Stored items
----------
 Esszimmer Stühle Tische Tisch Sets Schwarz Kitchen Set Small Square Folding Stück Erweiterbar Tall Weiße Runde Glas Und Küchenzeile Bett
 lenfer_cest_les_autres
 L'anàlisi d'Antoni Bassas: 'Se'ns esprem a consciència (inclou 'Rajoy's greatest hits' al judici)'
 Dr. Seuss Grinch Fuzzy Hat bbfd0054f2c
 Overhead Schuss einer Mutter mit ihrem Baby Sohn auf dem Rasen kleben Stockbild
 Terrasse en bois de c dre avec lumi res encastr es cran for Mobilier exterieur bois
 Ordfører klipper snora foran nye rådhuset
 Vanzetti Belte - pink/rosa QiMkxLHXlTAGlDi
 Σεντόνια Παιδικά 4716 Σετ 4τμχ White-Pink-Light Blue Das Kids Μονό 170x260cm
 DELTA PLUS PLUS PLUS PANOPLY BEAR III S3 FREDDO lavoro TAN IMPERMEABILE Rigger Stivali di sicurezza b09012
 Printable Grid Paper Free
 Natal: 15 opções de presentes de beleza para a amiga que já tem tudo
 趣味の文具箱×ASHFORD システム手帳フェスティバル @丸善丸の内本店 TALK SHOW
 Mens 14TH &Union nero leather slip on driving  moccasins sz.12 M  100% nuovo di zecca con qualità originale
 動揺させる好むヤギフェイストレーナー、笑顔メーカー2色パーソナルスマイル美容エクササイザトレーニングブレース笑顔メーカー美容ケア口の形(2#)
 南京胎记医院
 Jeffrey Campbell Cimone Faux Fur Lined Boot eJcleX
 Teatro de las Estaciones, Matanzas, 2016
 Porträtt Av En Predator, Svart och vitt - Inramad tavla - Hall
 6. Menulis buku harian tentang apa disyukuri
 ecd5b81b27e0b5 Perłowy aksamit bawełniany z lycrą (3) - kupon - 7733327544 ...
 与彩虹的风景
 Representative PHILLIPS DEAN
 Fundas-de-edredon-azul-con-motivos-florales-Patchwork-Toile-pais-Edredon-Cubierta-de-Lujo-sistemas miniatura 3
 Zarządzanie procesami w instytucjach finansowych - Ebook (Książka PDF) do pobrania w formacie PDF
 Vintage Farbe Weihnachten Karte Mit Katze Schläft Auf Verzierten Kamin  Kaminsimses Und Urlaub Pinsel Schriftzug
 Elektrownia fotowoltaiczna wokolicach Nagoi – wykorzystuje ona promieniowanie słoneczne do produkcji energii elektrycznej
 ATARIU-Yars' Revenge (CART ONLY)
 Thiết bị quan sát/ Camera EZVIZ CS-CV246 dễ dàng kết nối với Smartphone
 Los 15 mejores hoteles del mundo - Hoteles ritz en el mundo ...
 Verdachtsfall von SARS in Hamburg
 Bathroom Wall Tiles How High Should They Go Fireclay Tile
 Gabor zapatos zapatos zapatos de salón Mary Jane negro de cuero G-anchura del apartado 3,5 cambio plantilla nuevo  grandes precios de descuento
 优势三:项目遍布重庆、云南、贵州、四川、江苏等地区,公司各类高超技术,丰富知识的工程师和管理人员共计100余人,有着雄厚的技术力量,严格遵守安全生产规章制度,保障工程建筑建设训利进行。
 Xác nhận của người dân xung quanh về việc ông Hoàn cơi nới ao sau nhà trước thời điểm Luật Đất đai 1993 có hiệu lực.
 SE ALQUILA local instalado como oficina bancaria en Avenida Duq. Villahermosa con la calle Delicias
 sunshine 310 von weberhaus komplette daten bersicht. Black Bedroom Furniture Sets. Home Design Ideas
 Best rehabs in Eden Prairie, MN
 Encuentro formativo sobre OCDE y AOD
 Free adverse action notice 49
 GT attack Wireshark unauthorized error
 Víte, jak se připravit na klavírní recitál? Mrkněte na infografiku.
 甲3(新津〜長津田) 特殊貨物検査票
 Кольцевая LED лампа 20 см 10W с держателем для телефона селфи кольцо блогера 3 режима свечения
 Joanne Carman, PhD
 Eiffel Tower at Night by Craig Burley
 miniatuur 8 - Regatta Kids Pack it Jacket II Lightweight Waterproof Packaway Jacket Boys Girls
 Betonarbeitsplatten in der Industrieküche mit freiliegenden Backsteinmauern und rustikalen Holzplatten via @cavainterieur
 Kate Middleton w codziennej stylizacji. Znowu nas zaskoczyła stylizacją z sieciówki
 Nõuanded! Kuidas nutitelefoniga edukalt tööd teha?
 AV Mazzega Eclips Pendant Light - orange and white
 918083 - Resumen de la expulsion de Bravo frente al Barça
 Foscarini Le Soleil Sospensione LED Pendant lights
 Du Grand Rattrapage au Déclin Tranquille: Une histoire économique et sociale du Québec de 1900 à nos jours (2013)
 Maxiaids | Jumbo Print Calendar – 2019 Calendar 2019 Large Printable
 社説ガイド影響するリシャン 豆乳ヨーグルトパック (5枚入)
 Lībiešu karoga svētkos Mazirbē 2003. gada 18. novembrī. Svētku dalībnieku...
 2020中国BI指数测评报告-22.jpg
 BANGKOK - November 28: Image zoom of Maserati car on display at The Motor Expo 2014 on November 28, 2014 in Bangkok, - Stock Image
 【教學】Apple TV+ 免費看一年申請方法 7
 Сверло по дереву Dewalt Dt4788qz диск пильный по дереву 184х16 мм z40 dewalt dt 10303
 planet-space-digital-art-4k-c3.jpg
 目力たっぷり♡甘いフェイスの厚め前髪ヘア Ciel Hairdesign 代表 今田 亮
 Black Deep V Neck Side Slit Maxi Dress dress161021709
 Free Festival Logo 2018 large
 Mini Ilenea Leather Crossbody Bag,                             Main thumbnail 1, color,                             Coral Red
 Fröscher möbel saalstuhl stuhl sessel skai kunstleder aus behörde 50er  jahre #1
----------
**Instructions for the task:** Reproduce each of the entries exactly, omitting none.

**Result of this exercise:**
 Esszimmer Stühle Tische Tisch Sets Schwarz Kitchen Set Small Square Folding Stück Erweiterbar Tall Weiße Runde Glas Und Küchenzeile Bett
 lenfer_cest_les_autres
 L'anàlisi d'Antoni Bassas: 'Se'ns esprem a consciència (inclou 'Rajoy's greatest hits' al judici)'
 Dr. Seuss Grinch Fuzzy Hat bbfd0054f2c
 Overhead Schuss einer Mutter mit ihrem Baby Sohn auf dem Rasen kleben Stockbild
 Terrasse en bois de c dre avec lumi res encastr es cran for Mobilier exterieur bois
 Ordfører klipper snora foran nye rådhuset
 Vanzetti Belte - pink/rosa QiMkxLHXlTAGlDi
 Σεντόνια Παιδικά 4716 Σετ 4τμχ White-Pink-Light Blue Das Kids Μονό 170x260cm
 DELTA PLUS PLUS PLUS PANOPLY BEAR III S3 FREDDO lavoro TAN IMPERMEABILE Rigger Stivali di sicurezza b09012
 Printable Grid Paper Free
 Natal: 15 opções de presentes de beleza para a amiga que já tem tudo
 趣味の文具箱×ASHFORD システム手帳フェスティバル @丸善丸の内本店 TALK SHOW
 Mens 14TH &Union nero leather slip on driving  moccasins sz.12 M  100% nuovo di zecca con qualità originale
 動揺させる好むヤギフェイストレーナー、笑顔メーカー2色パーソナルスマイル美容エクササイザトレーニングブレース笑顔メーカー美容ケア口の形(2#)
 南京胎记医院
 Jeffrey Campbell Cimone Faux Fur Lined Boot eJcleX
 Teatro de las Estaciones, Matanzas, 2016
 Porträtt Av En Predator, Svart och vitt - Inramad tavla - Hall
 6. Menulis buku harian tentang apa disyukuri
 ecd5b81b27e0b5 Perłowy aksamit bawełniany z lycrą (3) - kupon - 7733327544 ...
 与彩虹的风景
 Representative PHILLIPS DEAN
 Fundas-de-edredon-azul-con-motivos-florales-Patchwork-Toile-pais-Edredon-Cubierta-de-Lujo-sistemas miniatura 3
 Zarządzanie procesami w instytucjach finansowych - Ebook (Książka PDF) do pobrania w formacie PDF
 Vintage Farbe Weihnachten Karte Mit Katze Schläft Auf Verzierten Kamin  Kaminsimses Und Urlaub Pinsel Schriftzug
 Elektrownia fotowoltaiczna wokolicach Nagoi – wykorzystuje ona promieniowanie słoneczne do produkcji energii elektrycznej
 ATARIU-Yars' Revenge (CART ONLY)
 Thiết bị quan sát/ Camera EZVIZ CS-CV246 dễ dàng kết nối với Smartphone
 Los 15 mejores hoteles del mundo - Hoteles ritz en el mundo ...
 Verdachtsfall von SARS in Hamburg
 Bathroom Wall Tiles How High Should They Go Fireclay Tile
 Gabor zapatos zapatos zapatos de salón Mary Jane negro de cuero G-anchura del apartado 3,5 cambio plantilla nuevo  grandes precios de descuento
 优势三:项目遍布重庆、云南、贵州、四川、江苏等地区,公司各类高超技术,丰富知识的工程师和管理人员共计100余人,有着雄厚的技术力量,严格遵守安全生产规章制度,保障工程建筑建设训利进行。
 Xác nhận của người dân xung quanh về việc ông Hoàn cơi nới ao sau nhà trước thời điểm Luật Đất đai 1993 có hiệu lực.
 SE ALQUILA local instalado como oficina bancaria en Avenida Duq. Villahermosa con la calle Delicias
 sunshine 310 von weberhaus komplette daten bersicht. Black Bedroom Furniture Sets. Home Design Ideas
 Best rehabs in Eden Prairie, MN
 Encuentro formativo sobre OCDE y AOD
 Free adverse action notice 49
 GT attack Wireshark unauthorized error
 Víte, jak se připravit na klavírní recitál? Mrkněte na infografiku.
 甲3(新津〜長津田) 特殊貨物検査票
 Кольцевая LED лампа 20 см 10W с держателем для телефона селфи кольцо блогера 3 режима свечения
 Joanne Carman, PhD
 Eiffel Tower at Night by Craig Burley
 miniatuur 8 - Regatta Kids Pack it Jacket II Lightweight Waterproof Packaway Jacket Boys Girls
 Betonarbeitsplatten in der Industrieküche mit freiliegenden Backsteinmauern und rustikalen Holzplatten via @cavainterieur
 Kate Middleton w codziennej stylizacji. Znowu nas zaskoczyła stylizacją z sieciówki
 Nõuanded! Kuidas nutitelefoniga edukalt tööd teha?
 AV Mazzega Eclips Pendant Light - orange and white
 918083 - Resumen de la expulsion de Bravo frente al Barça
 Foscarini Le Soleil Sospensione LED Pendant lights
 Du Grand Rattrapage au Déclin Tranquille: Une histoire économique et sociale du Québec de 1900 à nos jours (2013)
 Maxiaids | Jumbo Print Calendar – 2019 Calendar 2019 Large Printable
 社説ガイド影響するリシャン 豆乳ヨーグルトパック (5枚入)
 Lībiešu karoga svētkos Mazirbē 2003. gada 18. novembrī. Svētku dalībnieku...
 2020中国BI指数测评报告-22.jpg
 BANGKOK - November 28: Image zoom of Maserati car on display at The Motor Expo 2014 on November 28, 2014 in Bangkok, - Stock Image
 【教學】Apple TV+ 免費看一年申請方法 7
 Сверло по дереву Dewalt Dt4788qz диск пильный по дереву 184х16 мм z40 dewalt dt 10303
 planet-space-digital-art-4k-c3.jpg
 目力たっぷり♡甘いフェイスの厚め前髪ヘア Ciel Hairdesign 代表 今田 亮
 Black Deep V Neck Side Slit Maxi Dress dress161021709
 Free Festival Logo 2018 large
 Mini Ilenea Leather Crossbody Bag,                             Main thumbnail 1, color,                             Coral Red
 Fröscher möbel saalstuhl stuhl sessel skai kunstleder aus behörde 50er  jahre #1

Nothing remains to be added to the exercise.